Reduce Network Transfer

  • Network bandwidth is a main contraints for distributed systems back to 2000s. The paper cliams the whole MR system share the network in a tree hierarchy structure, i.e. Neighbour machines share the same switch, and lower level switch shares the same higher level switch. This makes each server only shares very limited network bandwidth. For example, if the root switch has a bandwidth of 1Gbits/s, while there are 32 servers in this local network, then each server could only leverage a bandwidth of 32Mbits/s.

  • In MR system, Master will assign Map or Reduce task to a worker that is near to the server which stores the input data file, in order to prevent unnecessary network data transfer.

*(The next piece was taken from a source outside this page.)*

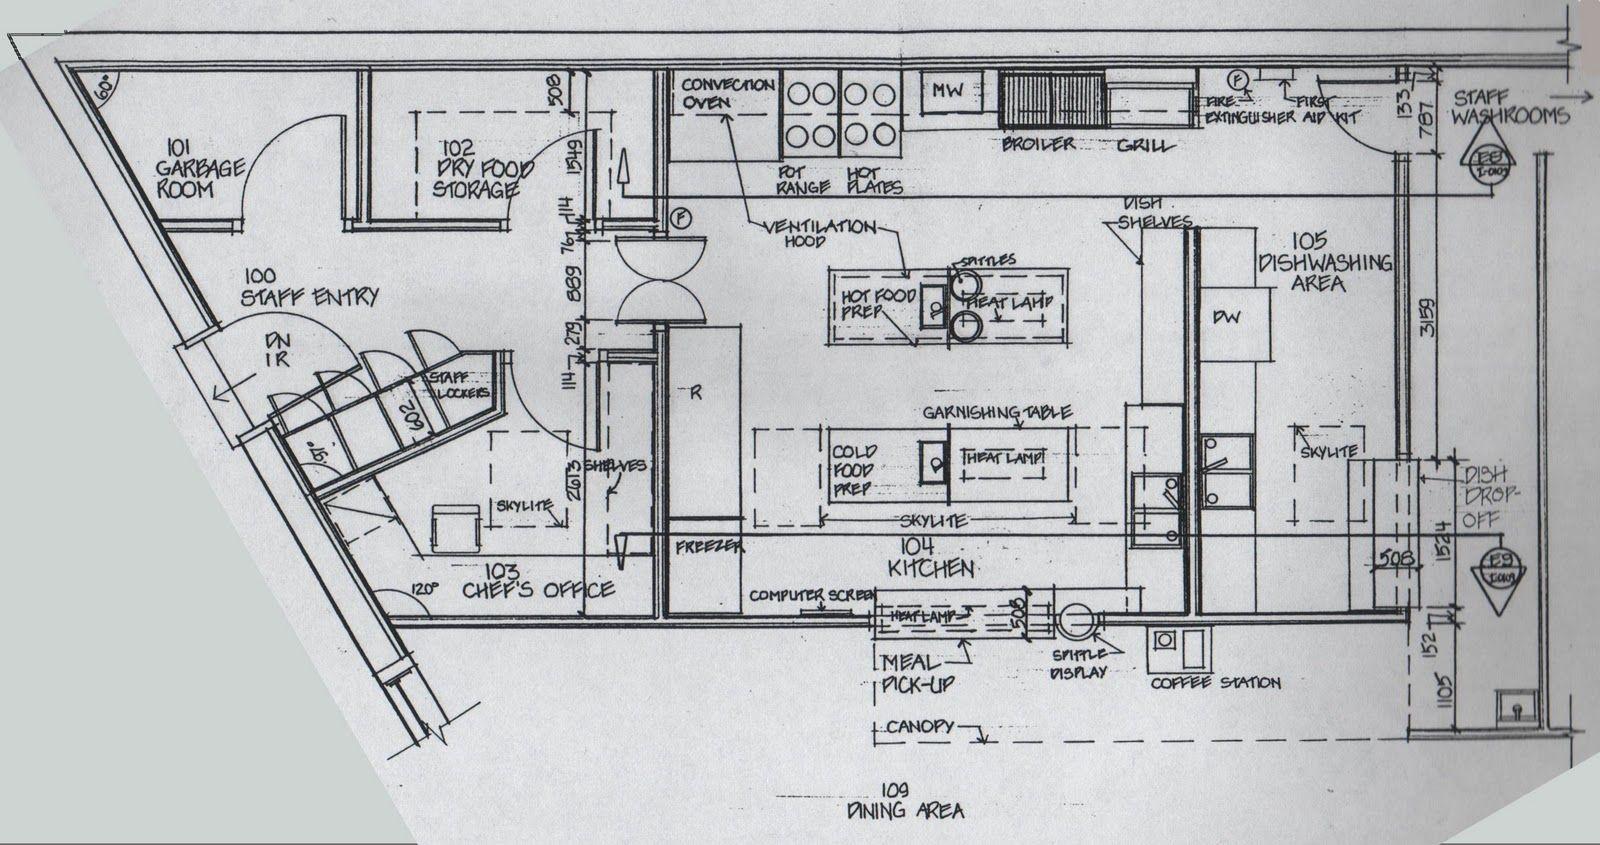 Restaurant Kitchen Blueprint In 2020 Restaurant Kitchen Design Open Kitchen Layout Design Kitchen Designs Layout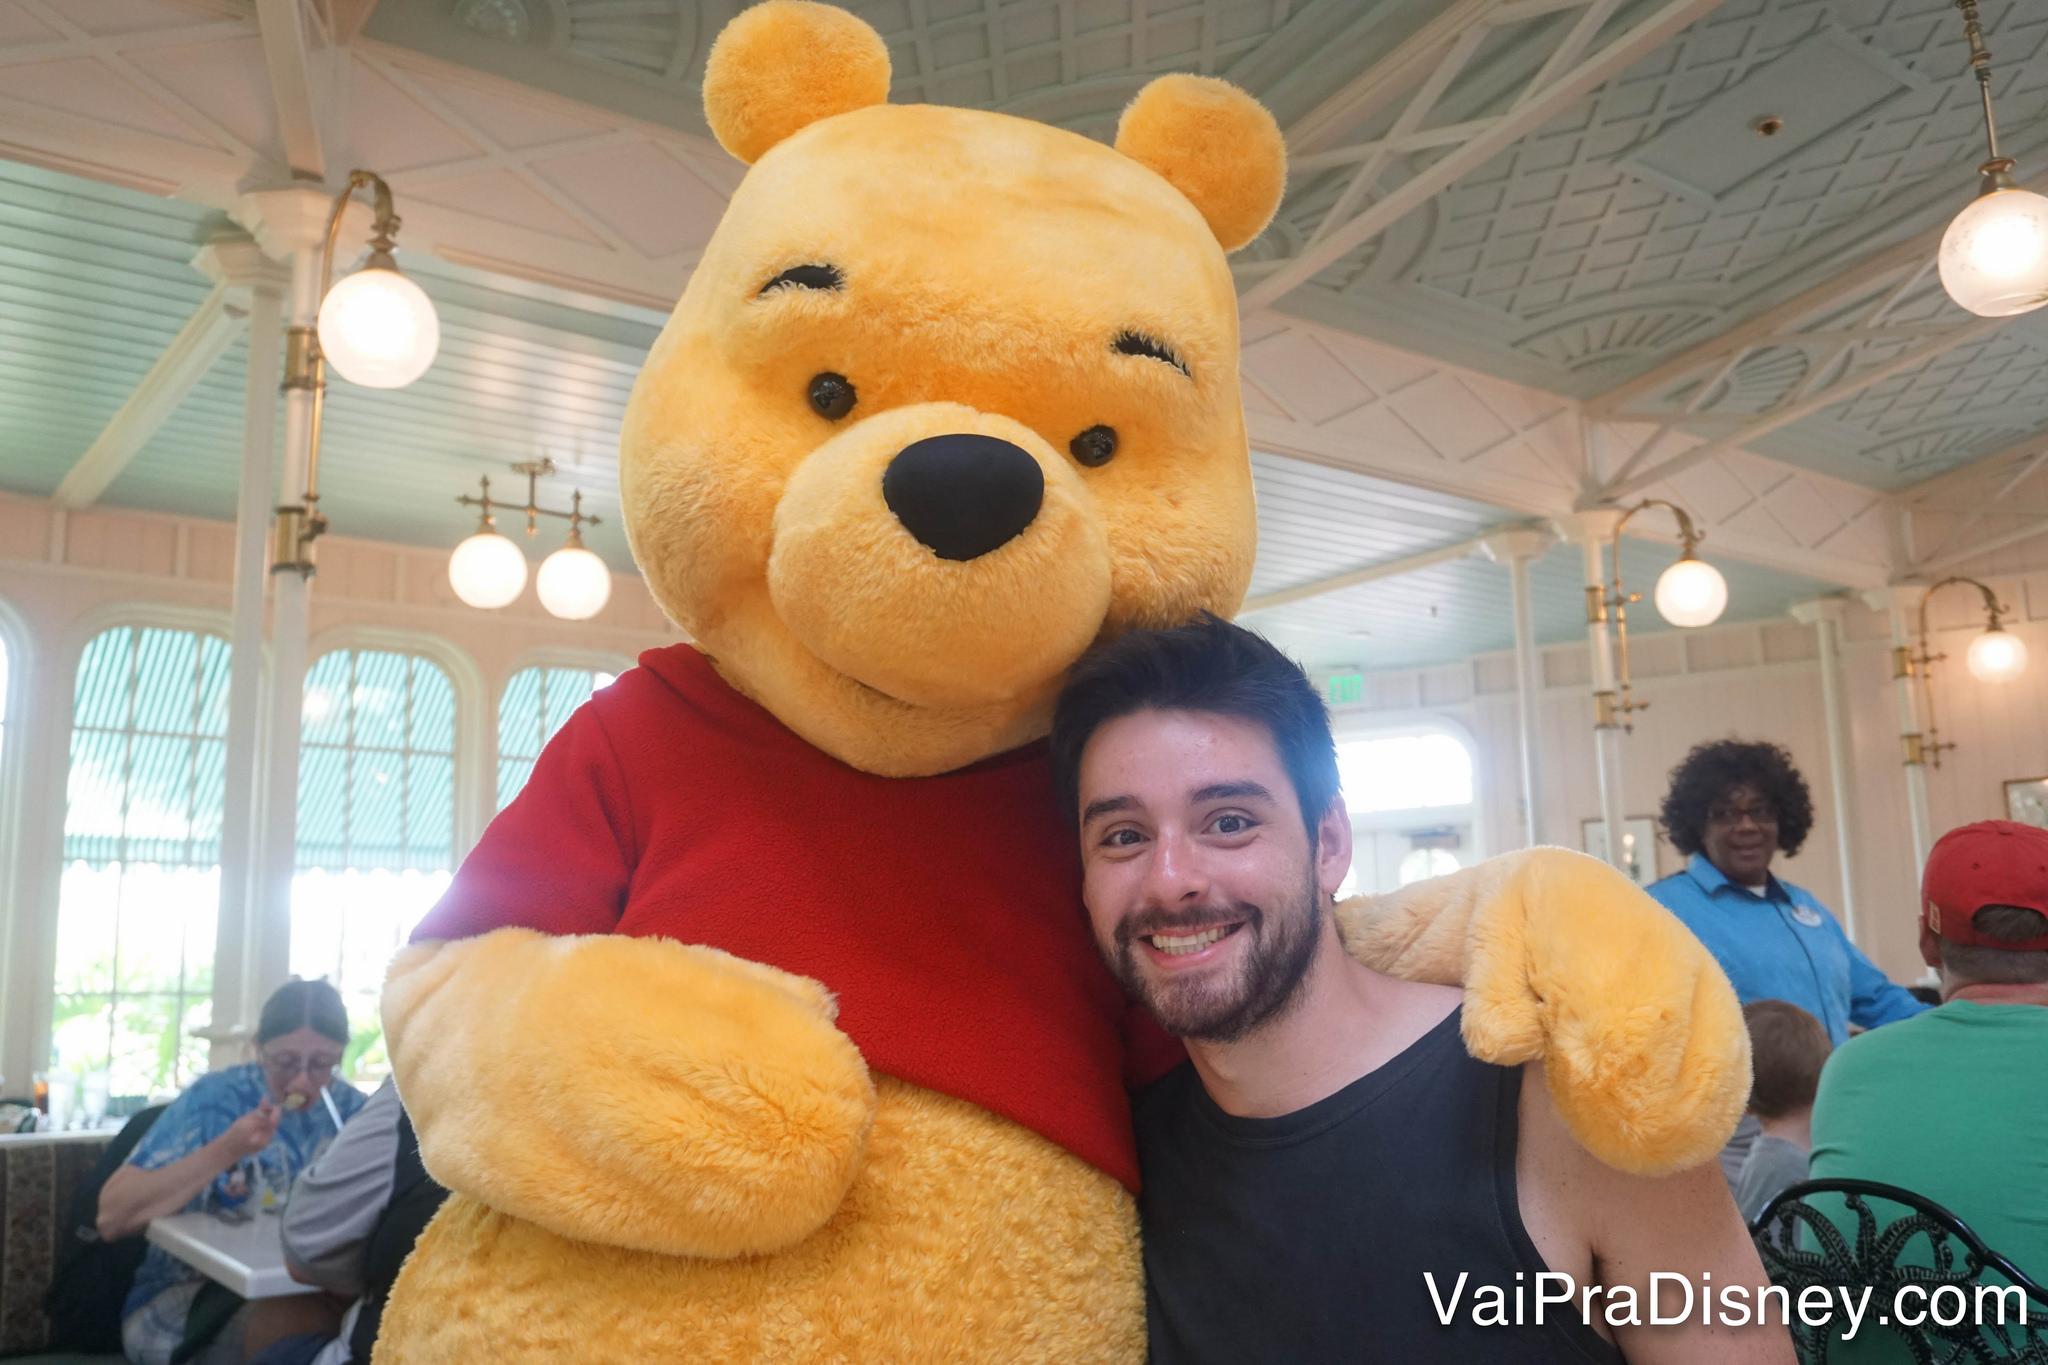 Foto do Felipe abraçado ao Ursinho Pooh no Crystal Palace

  • However, modern MR system tends to separates MapReduce cluster from data storage cluster since they assume network is extremly fast nowdays.

Reduce long tail lantency

  • In MR system, the long execution of the final Map or Reduce task(Caused by lower disk IO or CPU) will cause high tail lantency of the whole MapReduce task (See Evaluation part ).
  • MR uses Backup Execution to solve this problem: Master notifies multiple workers to execute the same task individually. The first server that finishes this job will commit its results.

Additional Materials

  • MIT 6.824 Lab1 requires you to implement a simplified MapReduce system and is able to execute a word counter demo.
  • Hadoop: The definitive guide describes a modern MR system implementation of Hadoop MapReduce system.

Expressions

Failing that, it attempts to schedule a map task near a replica of that task’s input data

翻译:Failing that被译为“如果做不到这一点“。

Ideally, M and R should be much larger than the number of worker machines

翻译:”Ideally” 被翻译为“在理想情况下“

Users have found the counter facility useful for sanity checking the behavior of MapReduce operations

翻译:Sanity checking意为验证正确性。

The worker deaths show up as a negative input rate since some previously completed map work disappears (since the corresponding map workers were killed) and needs to be redone.

翻译:show up 意为“出现“,这里的翻译是:”服务线程的死亡(server failure)以负的输入速率的形式展现。”